The La Salle Explorers men's basketball program represents La Salle University in college basketball.

Rivalries
The Explorers, a member of the Big 5, have long-standing rivalries with multiple institutions including Temple University, University of Pennsylvania, Saint Joseph's University, and Villanova University. Another major rival is Drexel University who is a member of the City 6.

History
The program has been rated the 53rd "Greatest College Basketball Program of All-Time" by Street & Smith's magazine and 71st by the ESPN College Basketball Encyclopedia.

La Salle has won one National Championship, one National Invitation Tournament Championship, and advanced to two Final Fours.  The Explorers have also made 12 NCAA Tournament appearances, won eight Philadelphia Big 5 city championships, and four Metro Atlantic Athletic Conference Championships.  The program is one of only two schools (with Houston) to have two players in the top 25 in all-time NCAA scoring – Lionel Simmons and Michael Brooks.  It's also had three National Players of the Year.

Postseason

NCAA tournament results
The Explorers have appeared in the NCAA tournament 12 times. Their combined record is 14–11. They were National Champions in 1954 and National Finalists in 1955.

NIT results
The Explorers have appeared in the National Invitation Tournament (NIT) 12 times. Their combined record is 9–11. They were NIT champions in 1952, when the tournament was considered an elite event.

Explorers in the NBA
La Salle has an extensive history of players who played professional basketball, including:
Michael Brooks, 1980 College Player of the Year
Joe Bryant, father of former pro Kobe Bryant
Rasual Butler
Larry Cannon
Ken Durrett
Bobby Fields
Larry Foust, eight-time NBA All-Star selection 
Tom Gola, Naismith Hall of Fame, 1955 College Player of the Year
B. J. Johnson
Tim Legler, current basketball analyst for ESPN, 4th all-time in NBA three-point shooting percentage
Ralph Lewis
Gary Neal
Doug Overton
Jim Phelan
Lionel Simmons, 1990 College Player of the Year
Steven Smith
Fatty Taylor
Randy Woods
 Bernie Williams

Explorers in international leagues

Stephen Zack (born 1992), basketball player for Hapoel Holon in the Israeli Basketball Premier League

Retired numbers

La Salle has retired four jersey numbers:

Coaches

Previous head coach Dr. John Giannini previously coached at Rowan College, where he won the NCAA Division III national championship in 1996, and the University of Maine, where he left with the Black Bears' best winning percentage in school history.
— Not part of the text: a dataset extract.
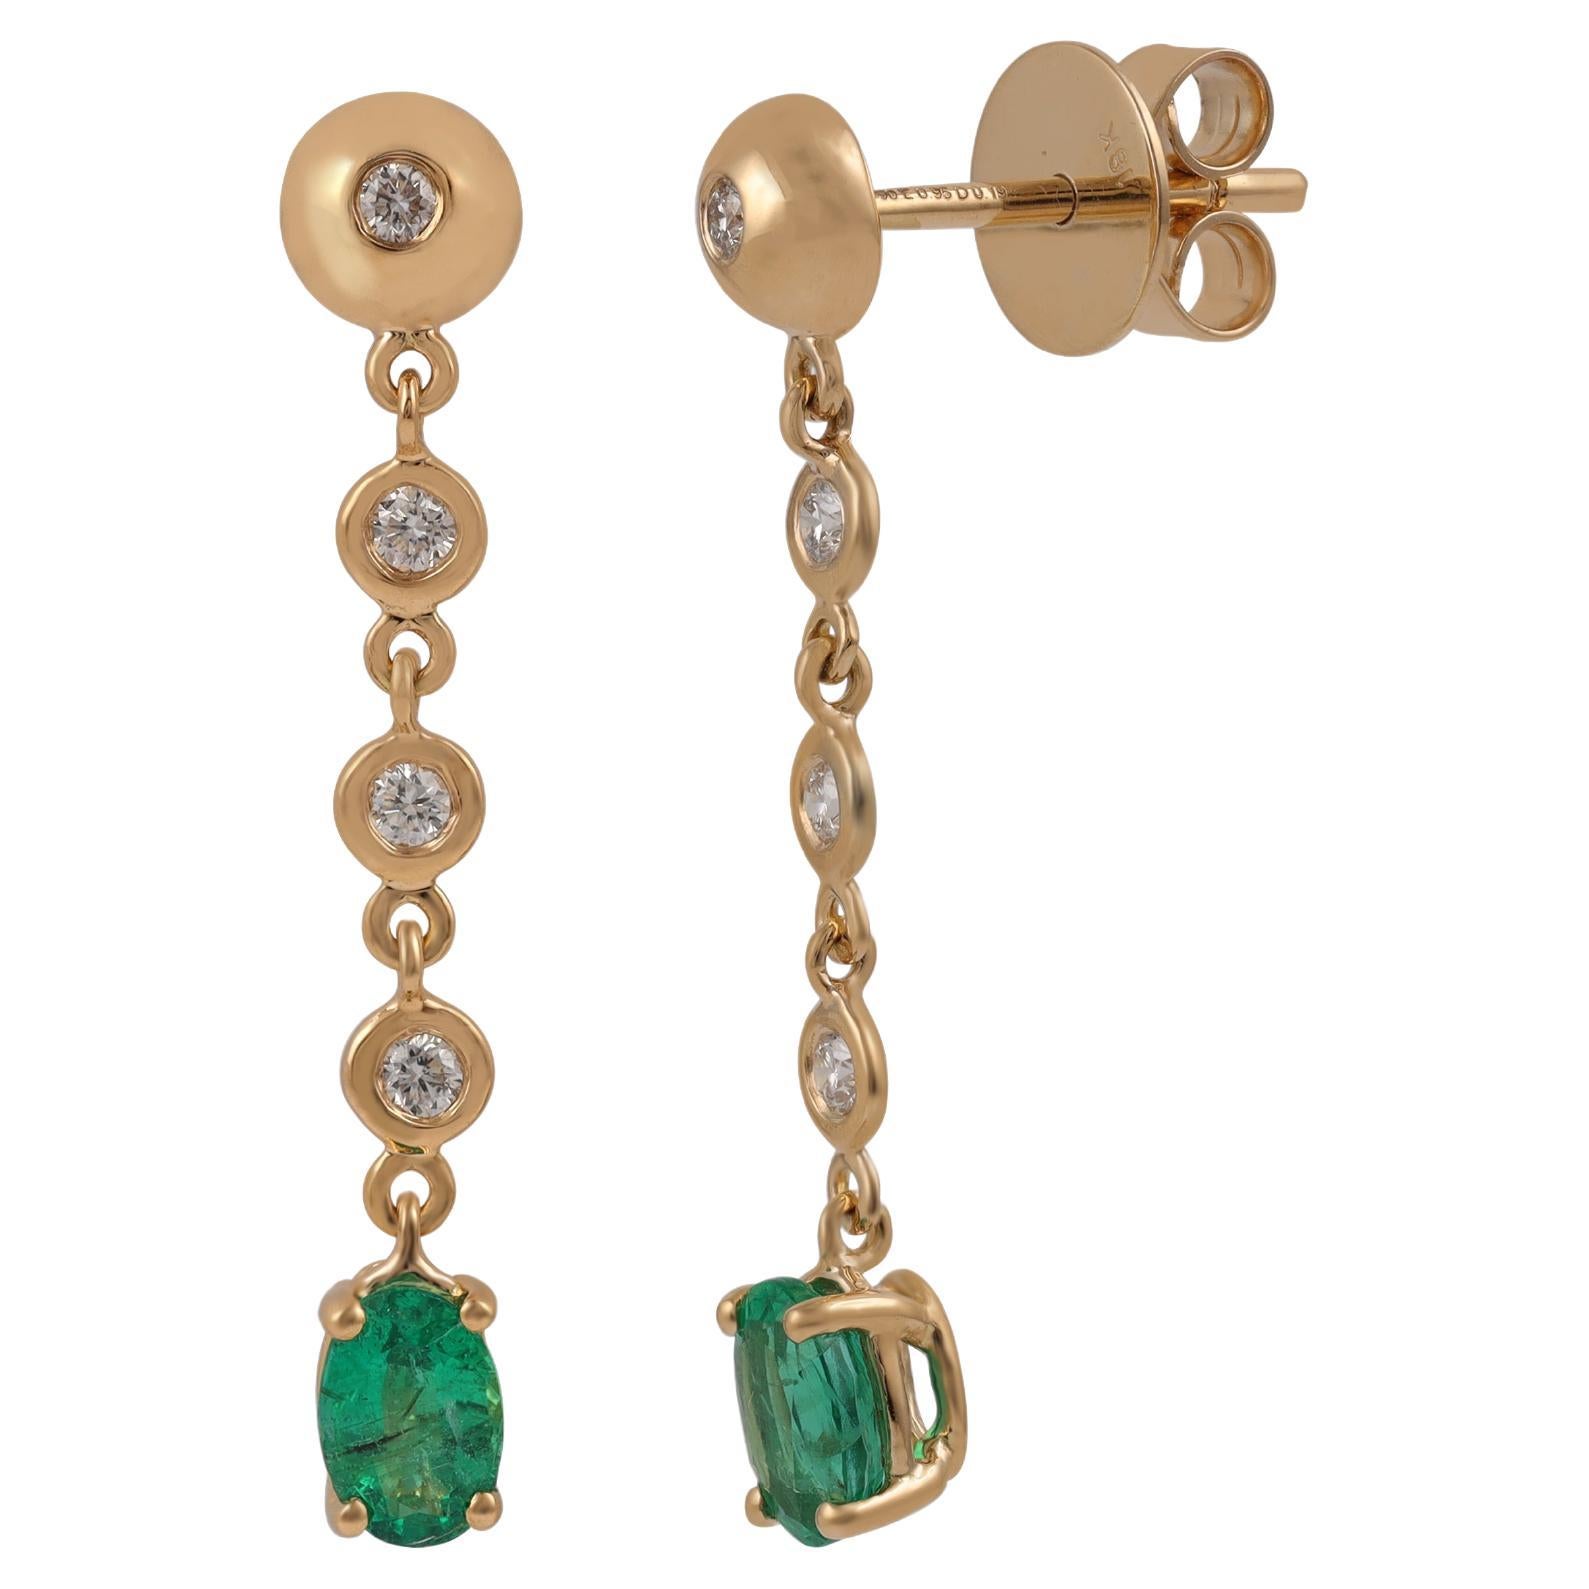 0.95 Carat Zambian Emerald & Diamond Earrings in 18k Gold

On April 8, 2018, La Salle announced Ashley Howard as the next head coach of the Explorers. Howard previously served as an assistant coach under Jay Wright at Villanova University. As assistant coach, he helped lead the Wildcats to two NCAA Division 1 basketball championships. After four losing seasons at La Salle, Howard was fired.

On April 5, 2022, The Philadelphia Inquirer reported that the La Salle would hire Fran Dunphy to be the Explorer's next men's basketball coach.